ASSIGNED TASK. For the records below, copy exactly the span that begins at the line containing "Bloomsbury Green Jacquard Dress" and stops after the line containing "White bicycle wheel symbols cover image.", minus any pictures.

== SOURCE MATERIAL ==

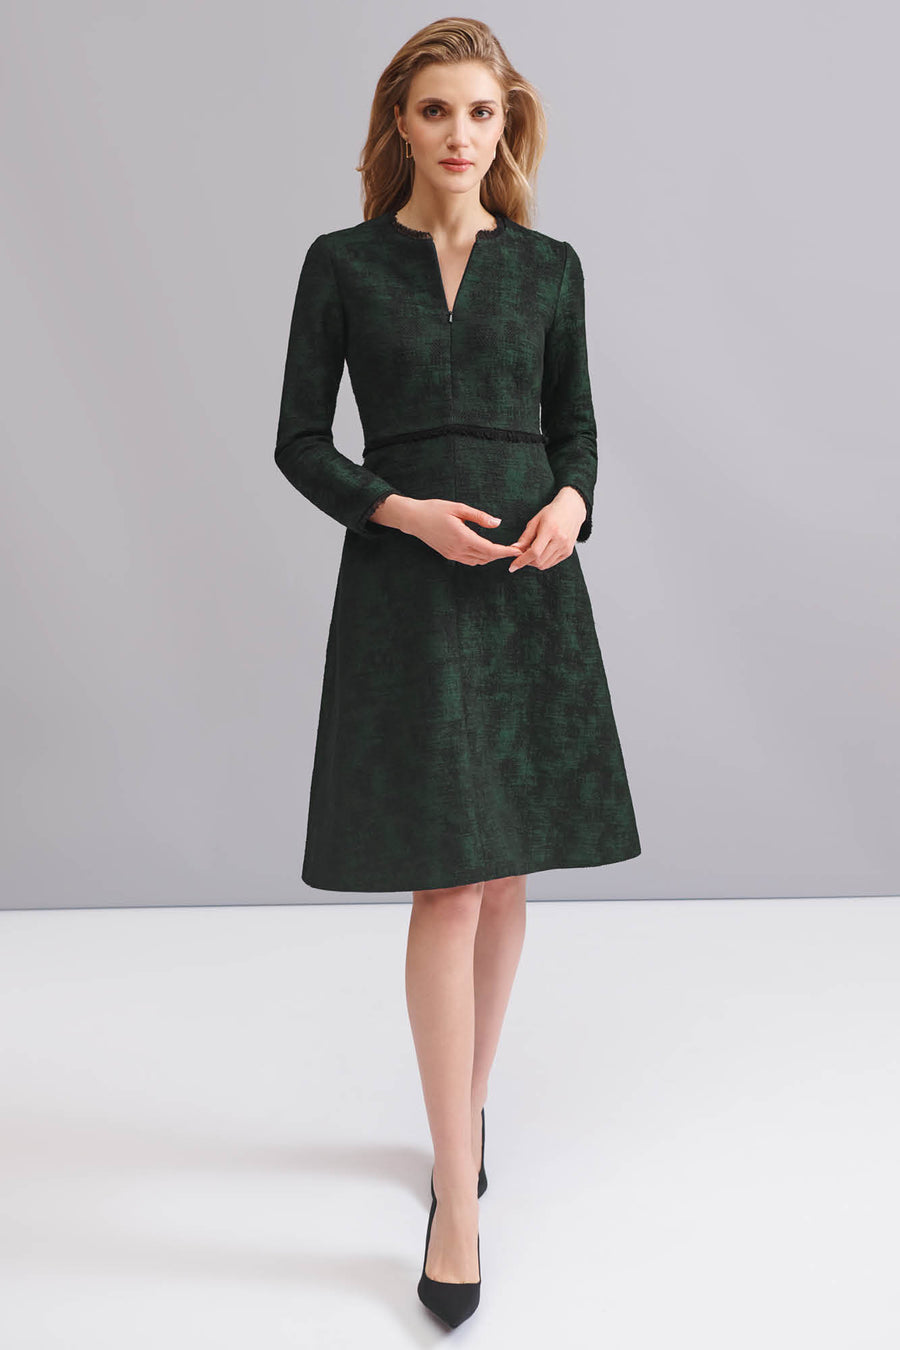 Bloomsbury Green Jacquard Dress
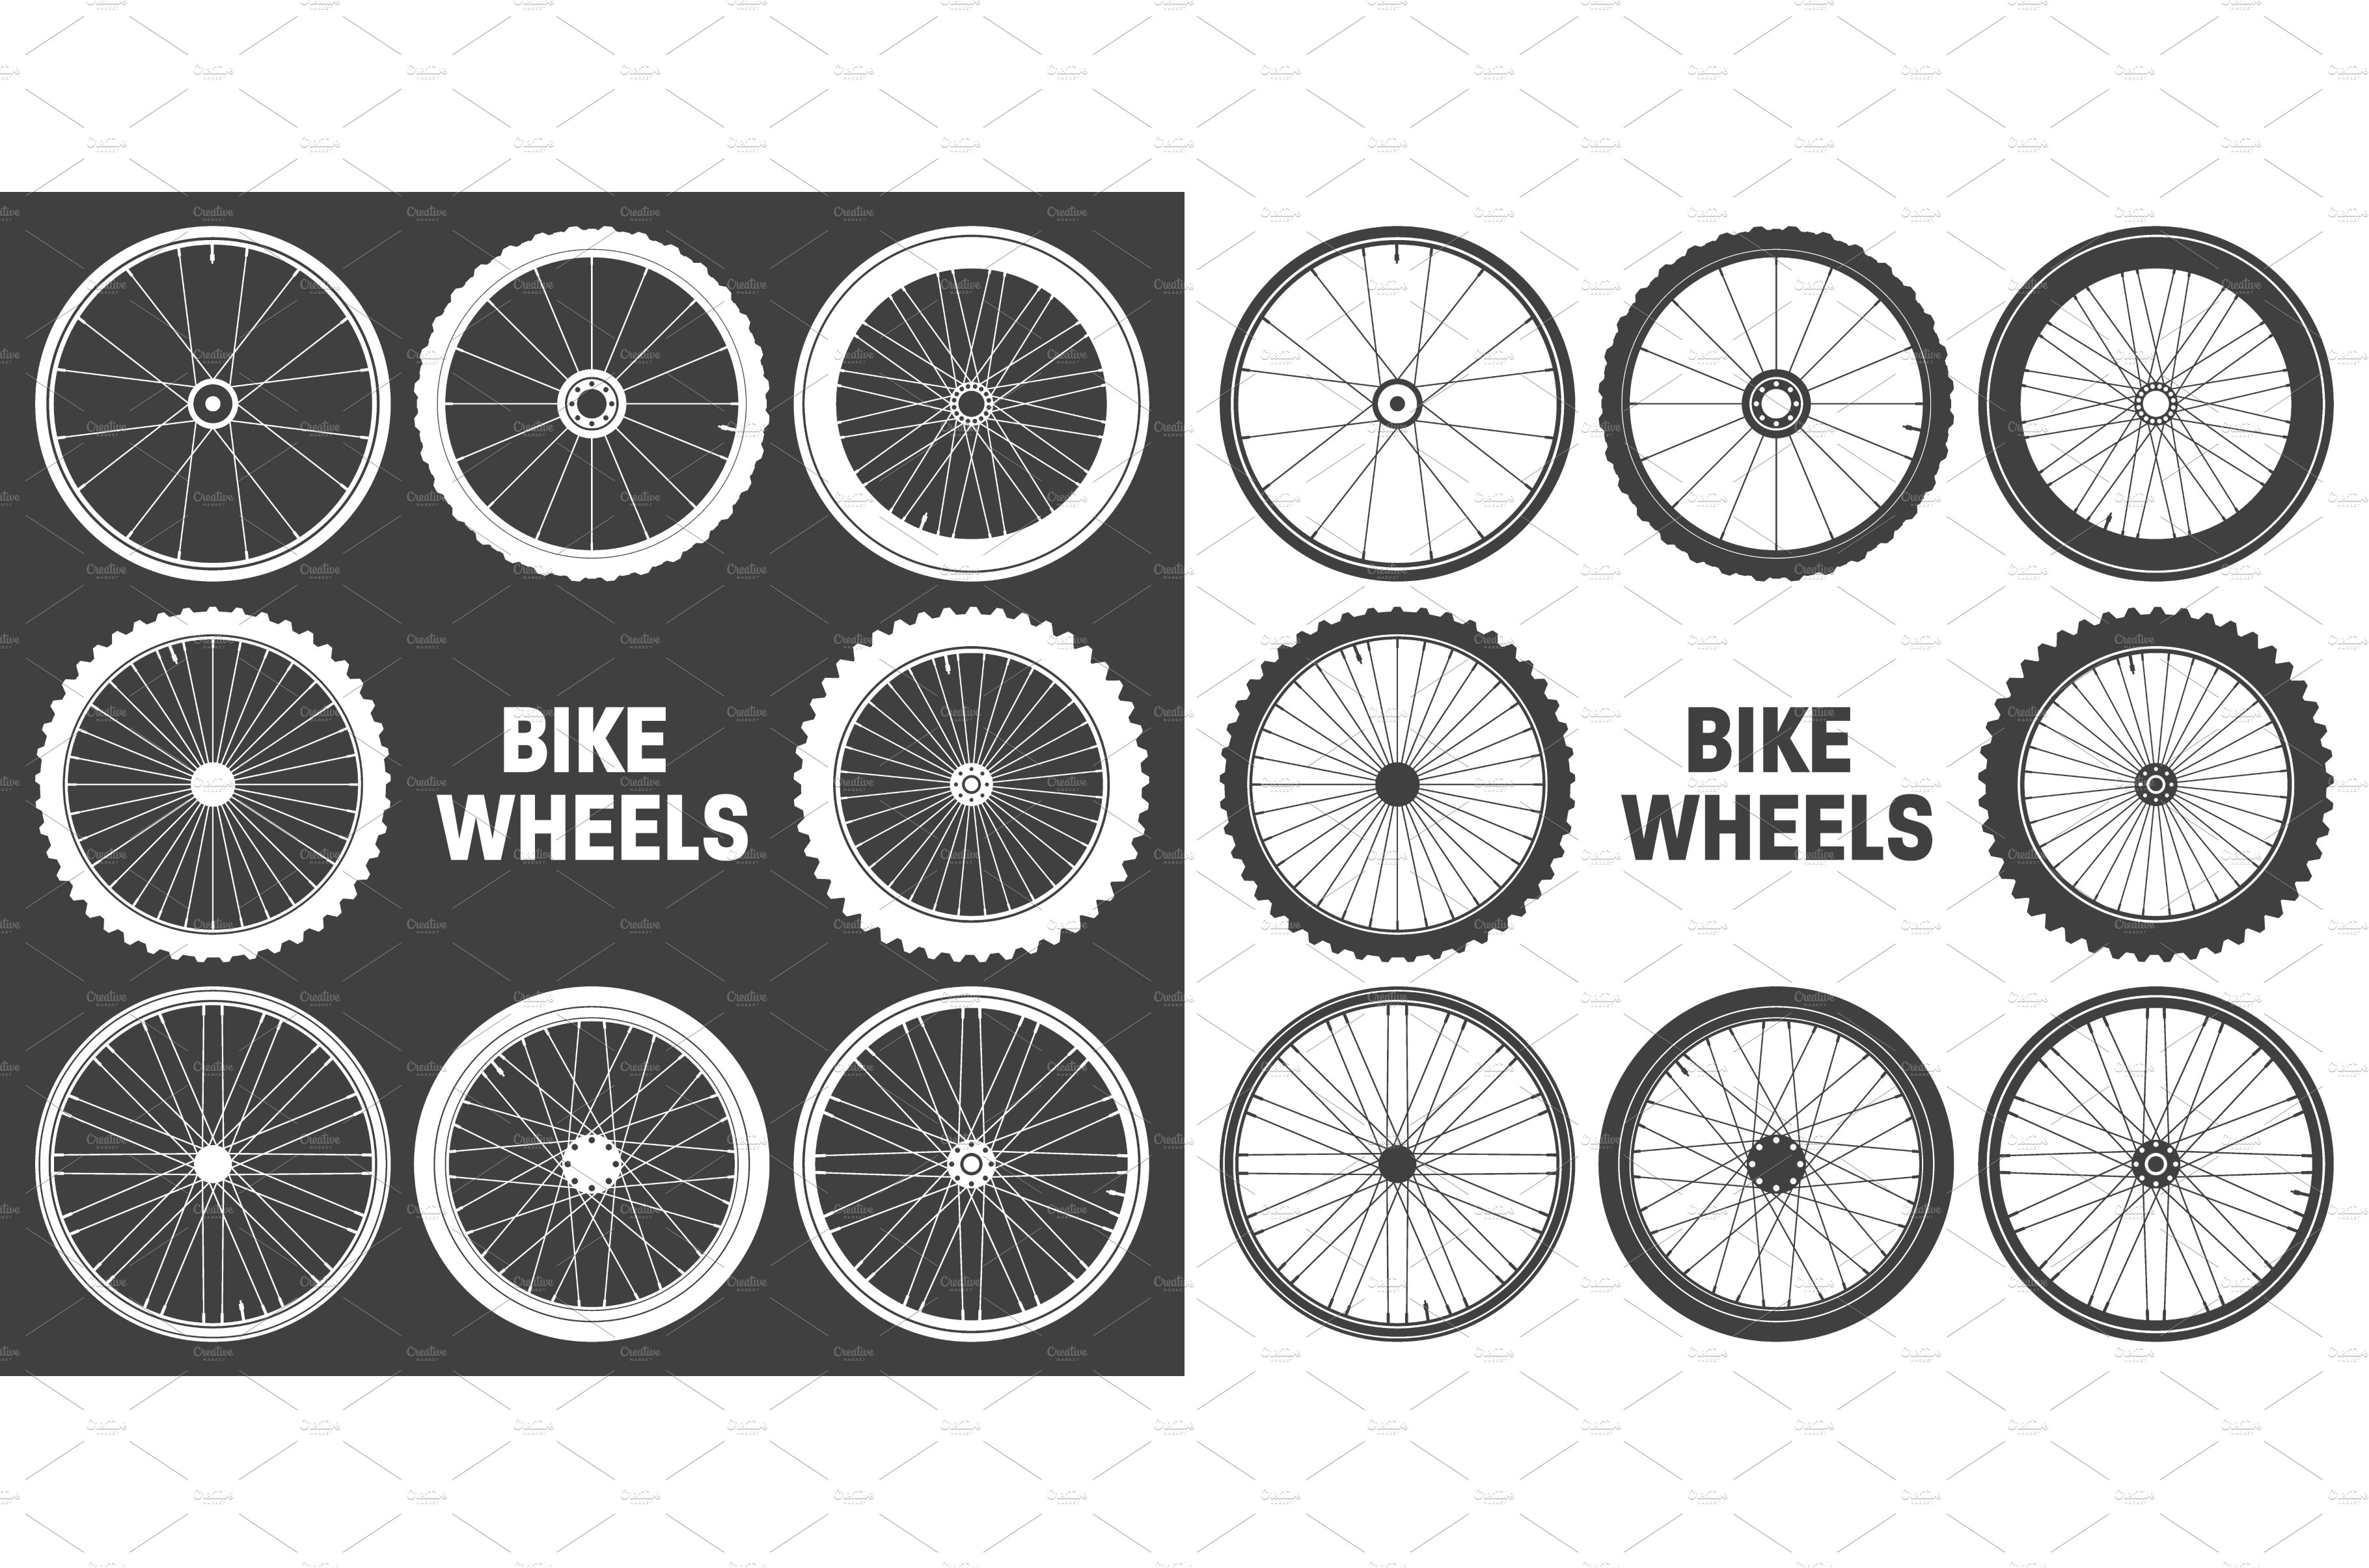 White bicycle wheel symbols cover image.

===
== SOURCE MATERIAL ==

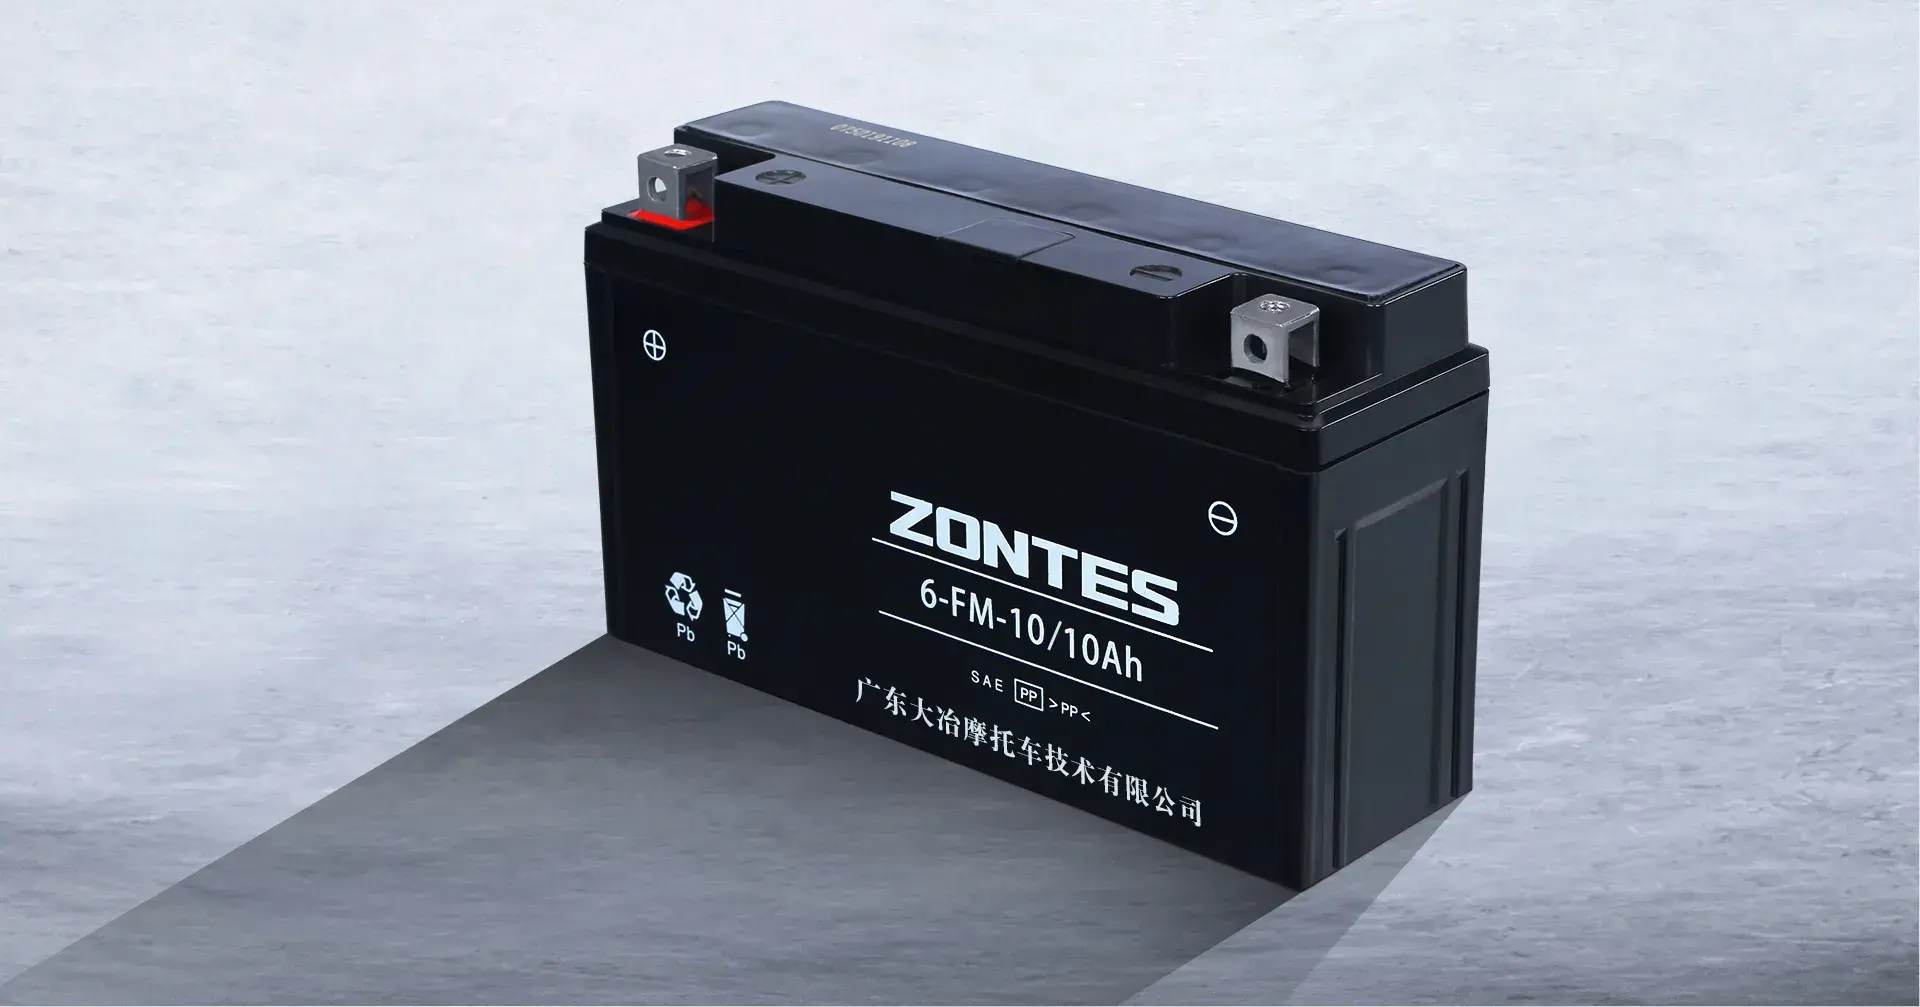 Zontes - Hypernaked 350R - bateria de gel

===
== SOURCE MATERIAL ==

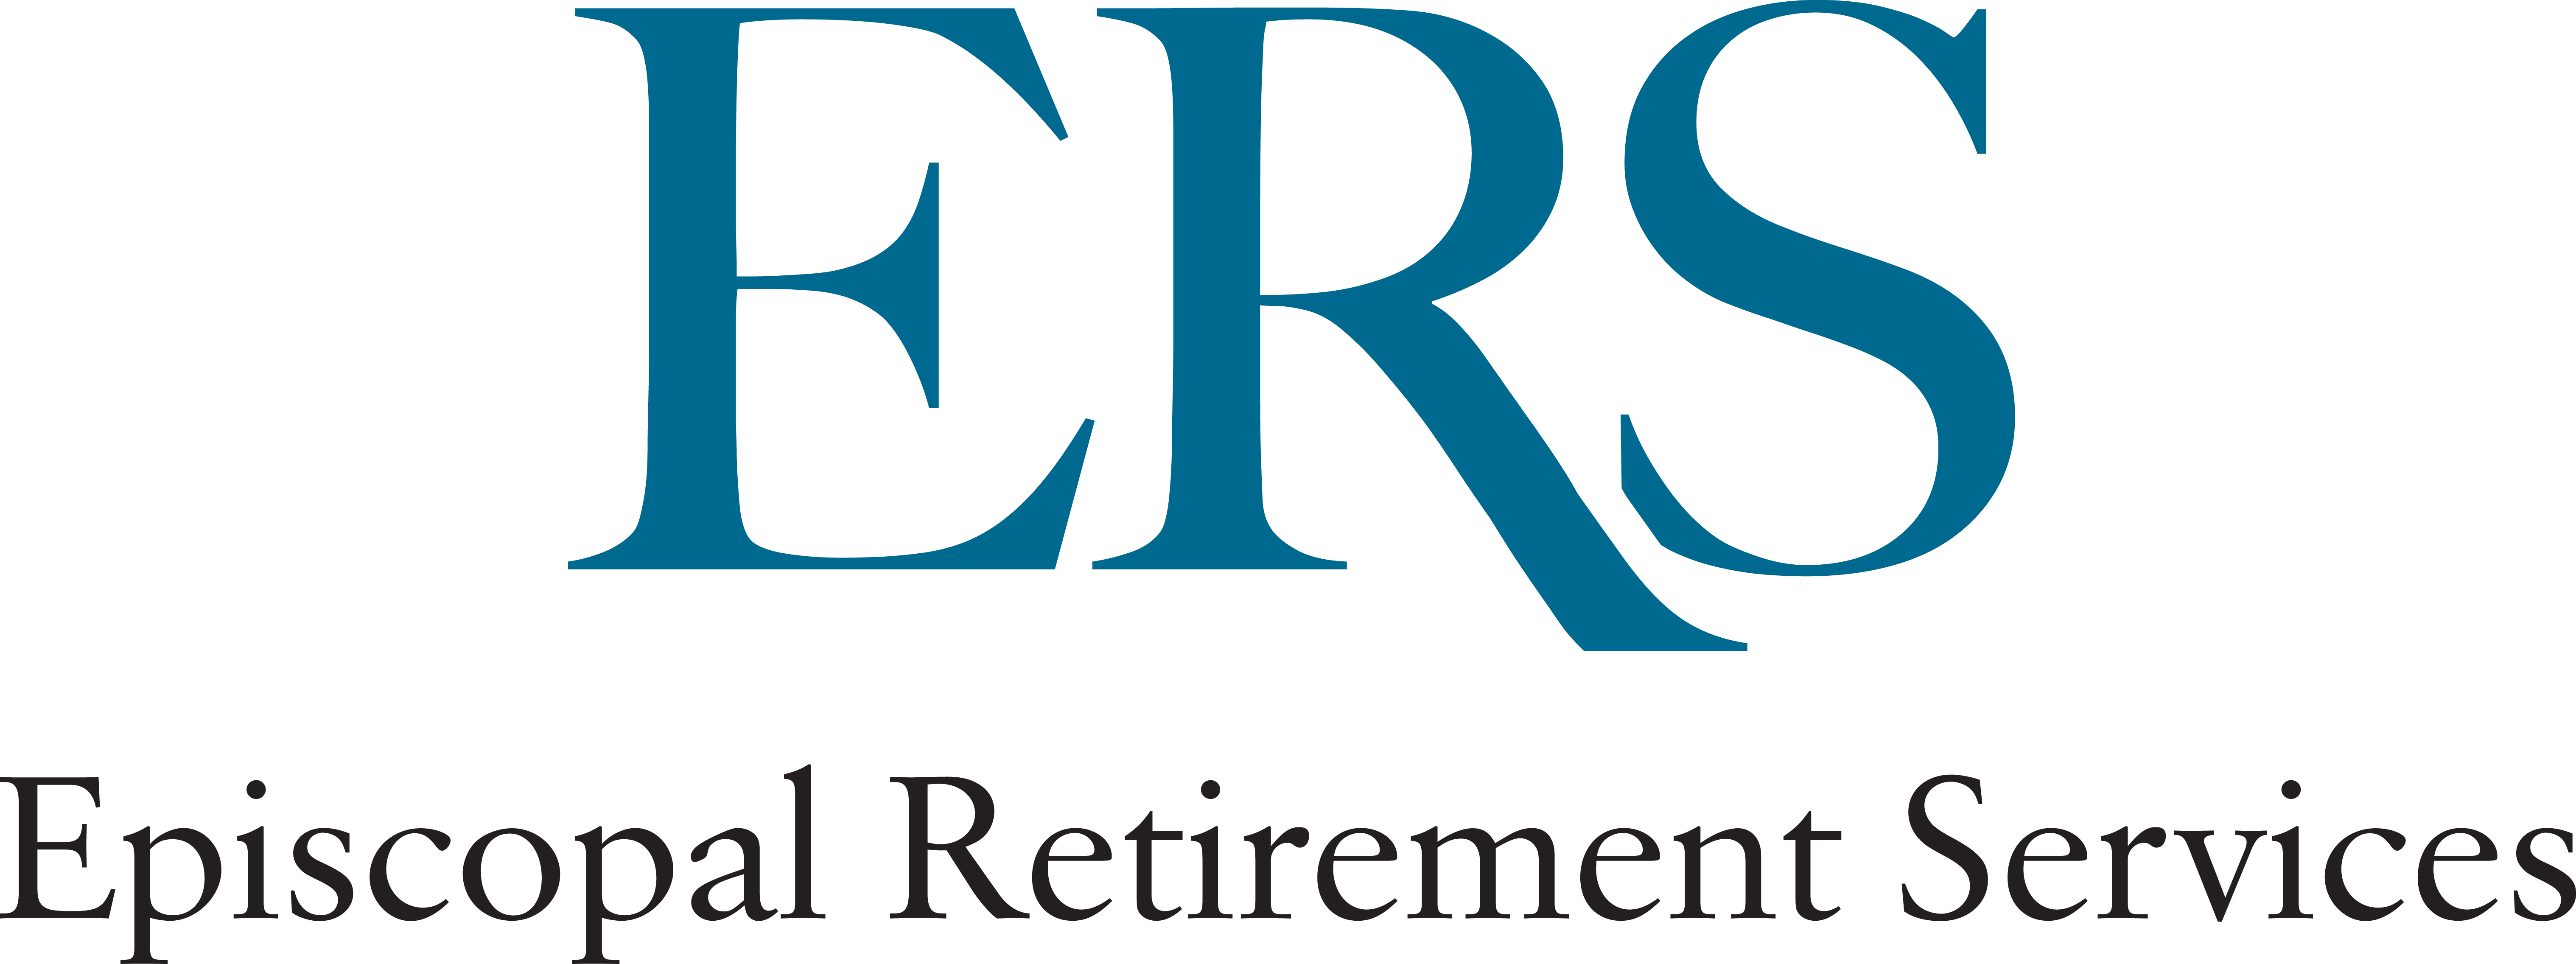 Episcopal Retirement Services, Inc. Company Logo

===

SOLUTION TO THE PROBLEM.
 Bloomsbury Green Jacquard Dress
 White bicycle wheel symbols cover image.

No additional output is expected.